Марка пробила дрожь.
– Как это возможно?
– Ну, я не уверен, как клиника Бляйбтроя старается вызывать у своих пациентов искусственную амнезию. До сих пор потеря памяти всегда была побочным явлением. Но я могу представить себе, что они подвергают пробандов шоковой терапии. А разве не это с вами сейчас происходит? Травматические события, одно за другим?
– Но зачем кому-то делать со мной такое?
Они подошли к домику. За верандой слышались голоса, вероятно Эммы и Бенни, которые преодолели себя и вступили в разговор.
– Чтобы заставить вас что-то забыть. Вопрос – что?
Марк закрыл глаза и вспомнил один эпизод сна, от которого только что очнулся.
«Я жалею, что ты об этом узнал. По крайней мере, так рано».
– Я не знаю, – честно ответил он.
– Тогда попытайтесь это вспомнить. – Профессор остановился и пристально посмотрел на него. – Вспомните то, что вы хотите забыть!
– Но как, как мне?..
Часы на запястье Марка зажужжали. Он сунул руку в карман куртки, потом ударил ладонью по лбу.

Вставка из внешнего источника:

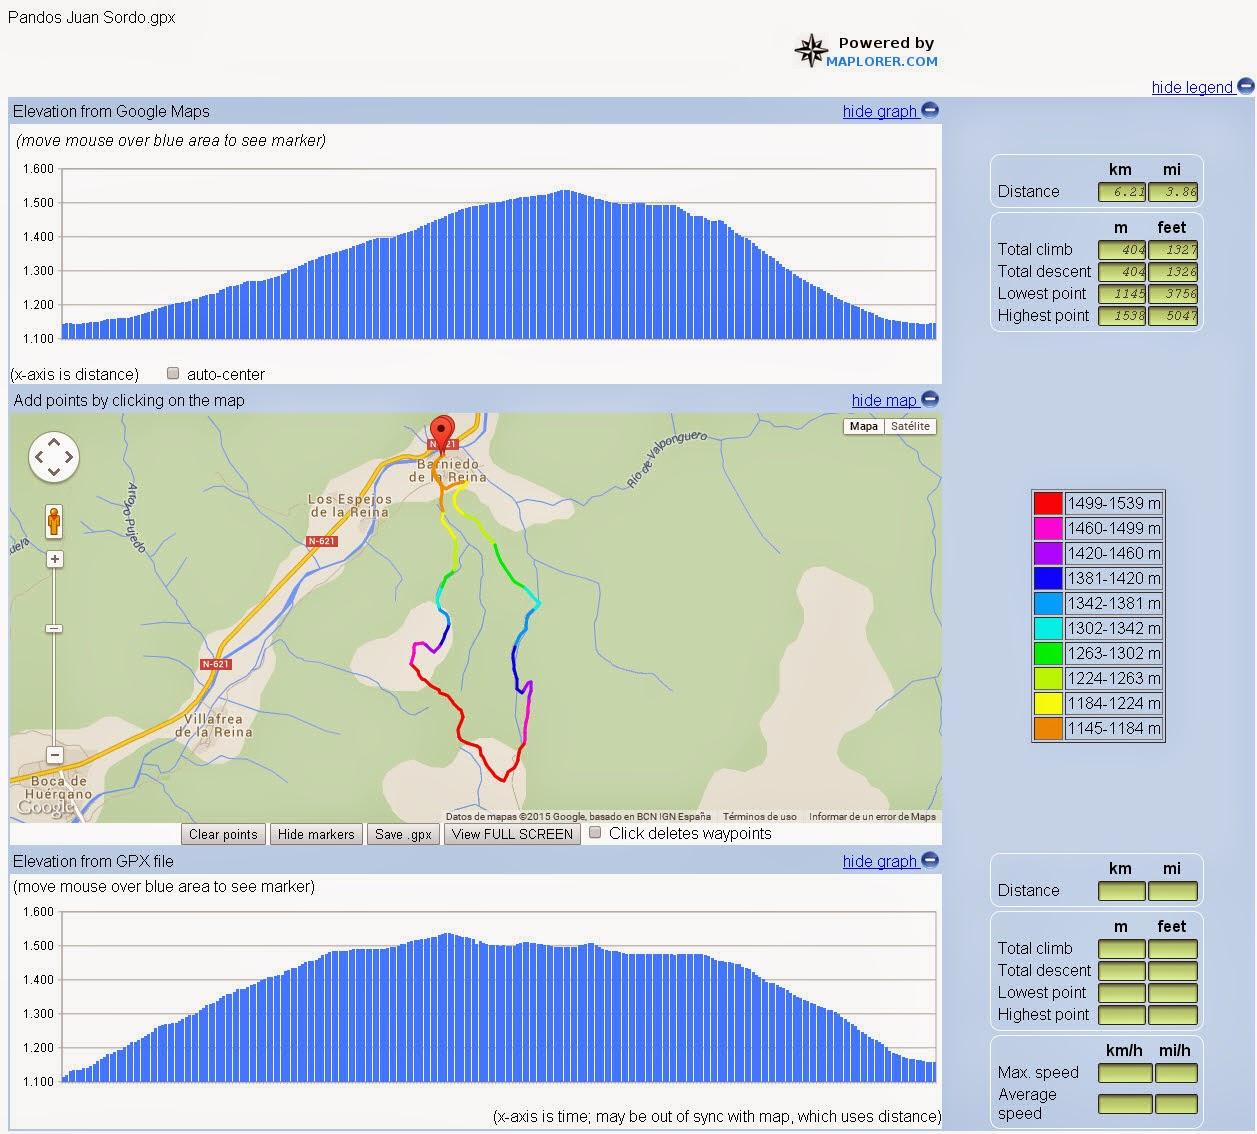 los perfiles de elevaci n se muestran basados tanto en google maps como en los datos del track si tiene datos de elevaci n v lidos  [ 1257 x 1134 Pixel ]

– Что такое? – спросил Хаберланд. Казалось, пес тоже вопросительно посмотрел на Марка.
– Мне нужно принять таблетки, но они лежат в бардачке в моей машине.
– Какие таблетки?
Марк коснулся повязки на затылке.
– Ах да. – Хаберланд шагнул ему за спину. – Хорошо, что вы сказали.
– Что?
– Когда я осматривал вашу голову, стараясь отыскать внешние повреждения, позволил себе поменять повязку. Зачем вы ее носите?
– У меня в шее осколок.
Профессор недоверчиво поднял брови:
– Вы уверены?
– Конечно. Эй, что вы делаете?
Марк не успел и глазом моргнуть, как пожилой мужчина одним движением оторвал пластырь, который удерживал повязку на ране.

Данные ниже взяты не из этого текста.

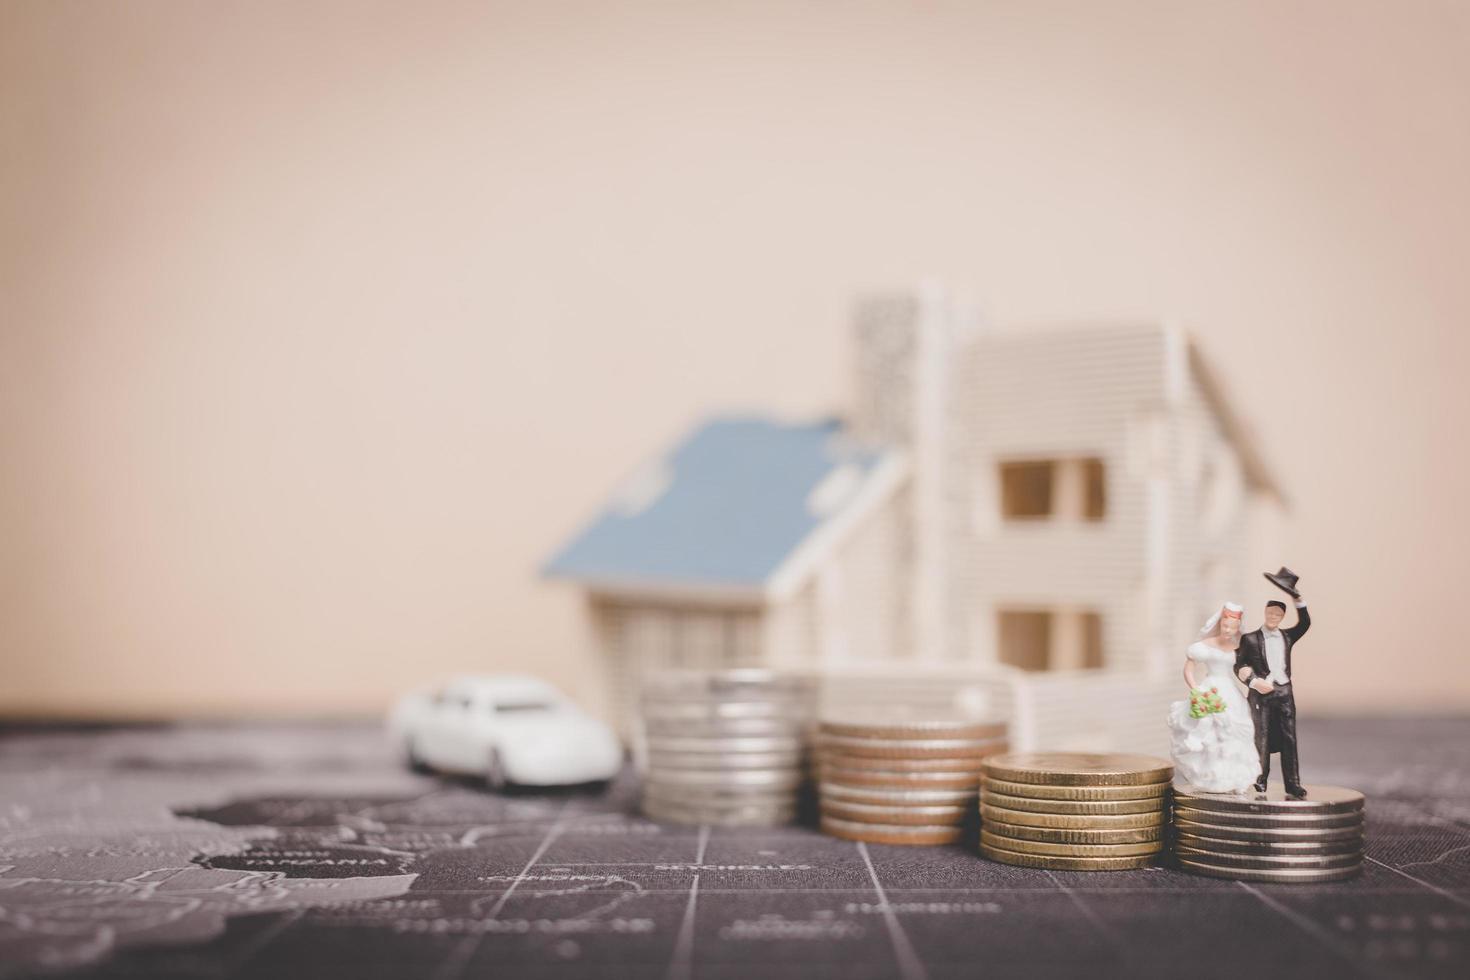 Novios en miniatura con monedas en frente de una casa, concepto de familia exitosa foto

– Хотя вы и не видите, но можете потрогать.
«Зачем? Константин сказал мне, что рана должна оставаться стерильной».
– Ну же. – Хаберланд сам провел рукой, и Марк вздрогнул. Не от боли, а потому что совсем ничего не почувствовал. Ничего, кроме голой здоровой кожи.
– У вас там нет никакой раны, – подтвердил Хаберланд его жуткие ощущения.
Никакого осколка.
– И не похоже, что она когда-либо была.
Снег пошел без предупреждения. Он был слишком нежным и воздушным, чтобы остаться лежать на земле, но Хаберланд дал им на прощание совет – как можно быстрее покинуть лес. Арендованный автомобиль с летней резиной, на котором Бенни привез их сюда, застрянет на узких дорожках, как только снег станет более плотным. А этого стоило опасаться, если верить профессору, который, прощаясь, еще сильнее потирал свои запястья, чем в начале их беседы.
Марк не мог объяснить эту метеочувствительность, но действительно через несколько метров Бенни пришлось включить ближний свет и дворники. Спустя десять минут возникло впечатление, что машина оторвалась от покрытой листвой земли и пробивалась через густое облако высоко над Берлином.
– О чем ты так долго разговаривал с профессором? – спросил Бенни, барабаня пальцами по рулю. Его голос звучал озабоченно и недоверчиво.
– Не волнуйся, я не узнал о тебе ничего нового.
Затем он рассказал брату о загадочном открытии, которое было сделано во время прогулки.
– Никакого осколка? – удивился Бенни.
– Никакого осколка, – подтвердил Марк и повернулся, чтобы Бенни мог видеть его затылок. – К тому же он сказал, что при таком осколке мне прописали бы не подавляющие иммунитет препараты, а антибиотики, чтобы избежать воспаления.